Retrain the DetectNet_v2 model on custon data

Please provide the following information when requesting support.

• Hardware (T4/V100/Xavier/Nano/etc): NVIDIA GeForce RTX 4070
• Network Type (Detectnet_v2/Faster_rcnn/Yolo_v4/LPRnet/Mask_rcnn/Classification/etc): Detectnet_v2
• TLT Version (Please run “tlt info --verbose” and share “docker_tag” here)
• Training spec file(If have, please share here)
• How to reproduce the issue ? (This is for errors. Please share the command line and the detailed log here.)

I need to train the DetectNet_v2 model in a custom data. To start, follow the initial issues:

  1. Object Detection – KITTI Format:
    Data Annotation Format - NVIDIA Docs
    For DetectNet_v2, the train tool does not support training on images of multiple resolutions, or resizing images during training. All of the images must be resized offline to the final training size and the corresponding bounding boxes must be scaled accordingly. Online resizing is supported for other detection model architectures:

Q1. Is there a specific resolution for the images. I mean, do I need to resize the images to a specific size before annotation (label)?

  1. Label Files:
    For detection the Toolkit only requires the class name and bbox coordinates fields to be populated. This is because the TAO training pipe supports training only for class and bbox coordinates.

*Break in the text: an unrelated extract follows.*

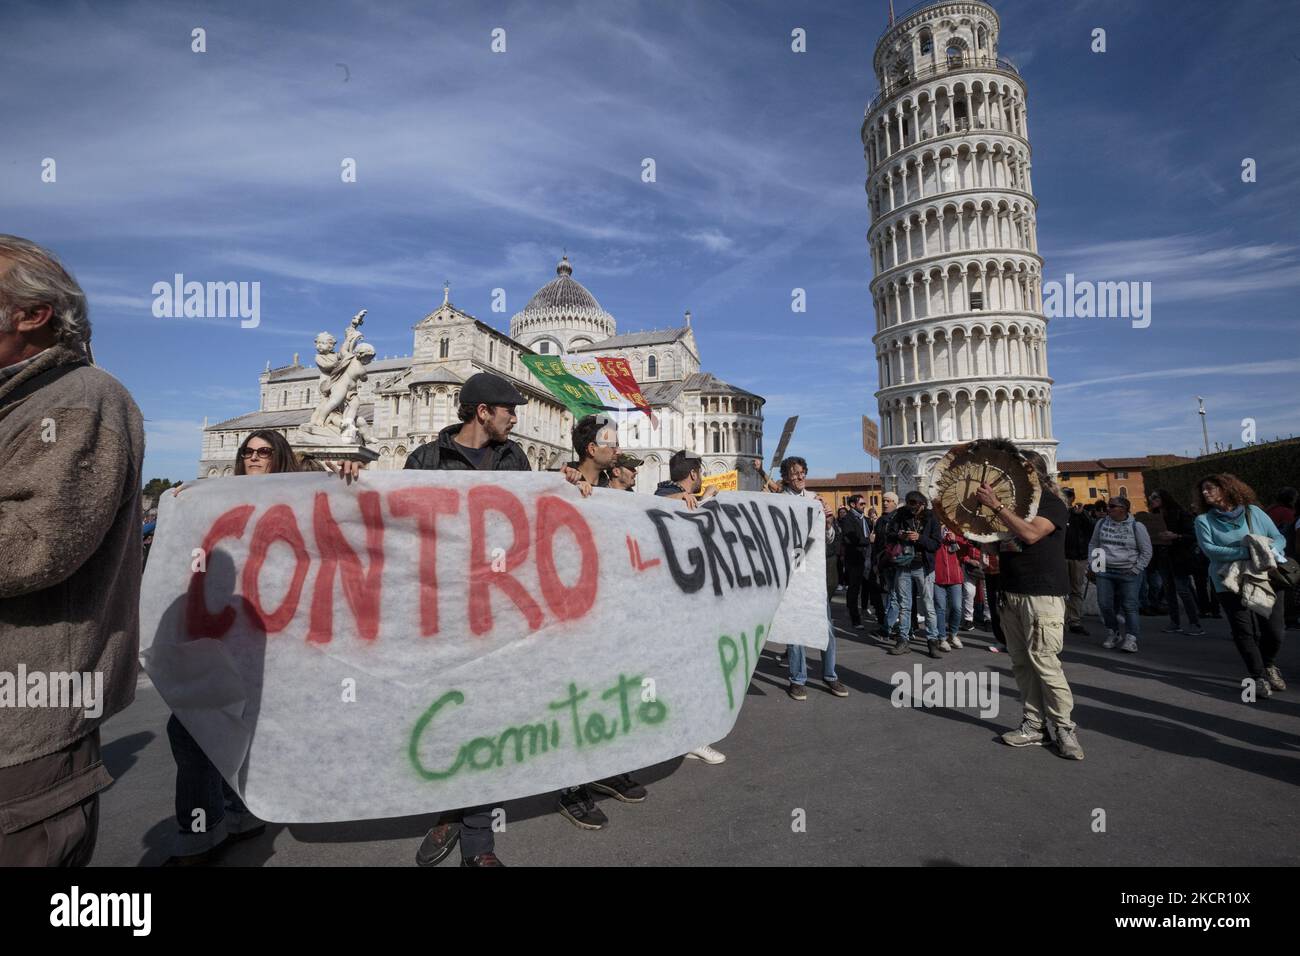 Opponents of Italy's Green pass gathered in Miracle Square during the visit of President Sergio Mattarella in Pisa, Italy, on October 18, 2021. While president Sergio Mattarella visited Pisa for the academic year inauguration of the University of Pisa approximately two hundred anti-vaccine activists gathered under the famous leaning tower to contest the Green Pass, the Italian health pass that requires workers to have government-issued proof of vaccination. Protests from the anti-vax sparked around the country’s major cities. (Photo by Enrico Mattia Del Punta/NurPhoto) Stock Photo

The remaining fields may be set to 0. Here is a sample file for a custom annotated dataset:
    car 0.00 0 0.00 587.01 173.33 614.12 200.12 0.00 0.00 0.00 0.00 0.00 0.00 0.00

Q2. The following meaning are ok?
(X_min, Y_min) = (587.01 173.33)
(X_max, X_max) = (614.12 200.12)

Q3. For DetectNet_v2, the train tool does support training with rotated rectangle annotation?
[image]
Thank you in advance for guide me in this task!


Reganding question 3 (Q3).

Please refer to DetectNet_v2 - NVIDIA Docs instead.

The train tool does not support training on images of multiple resolutions. However, the dataloader does support resizing images to the input resolution defined in the specification file. This can be enabled by setting the enable_auto_resize parameter to true in the augmentation_config module of the spec file.

You need not resize the images offline now. You can set the target image_height and image_width in the spec and set enable_auto_resize to true.

Yes. Refer to Data Annotation Format - NVIDIA Docs.

No, it is not supported.

@Morganh, thank for reply.
I have managed to train the detecnet in my custom data. And I have a question regarding the best model:
Q1. How to setup the wandb so that the X-axis be epochs intead of steps?

Q2. The figure above is the result for the detectnet_v2_retrain_resnet18_kitti. The best model is not the last one. How can I be sure that I exported the best model(mAP 95%), instead the last one(mAP 93%)? Because there is only one file in the $USER_EXPERIMENT_DIR/experiment_dir_retrain/weights folder.

Thank you in advanced!

Currently not. But you can change the steps to epochs based on the formula. Refer to Epoch and checkpoint number association formula for Detectnet_V2 not lining up - #11 by Morganh.

You can check the log for the mAP result of each model. The “only one” should be the best one. And you can run evaluation against the “only one” with tao model evaluate xxx` to confirm.

Is it posible to set the Wandb to show the train loss and validation loss to inspect if the model is overfitting? I just can see the train loss:

I would like some thing like this:

To log validation loss, you might need to implement custom logging within the model’s evaluation loop. TAO’s built-in logging primarily focuses on training metrics, so additional code may be required to capture and log validation metrics to WandB.

import wandb

# Assuming 'val_loss' is your validation loss metric
wandb.log({"Validation Loss": val_loss})

Is it possible to implement (by myself) this additional code to capture and log validation metrics to WandB inside TAO’s built-in logging (inside the conteiner)?

Yes, it is possible. End user can modify any code inside the TAO container. You can login the container, and modify. The code is available under /usr/xxx.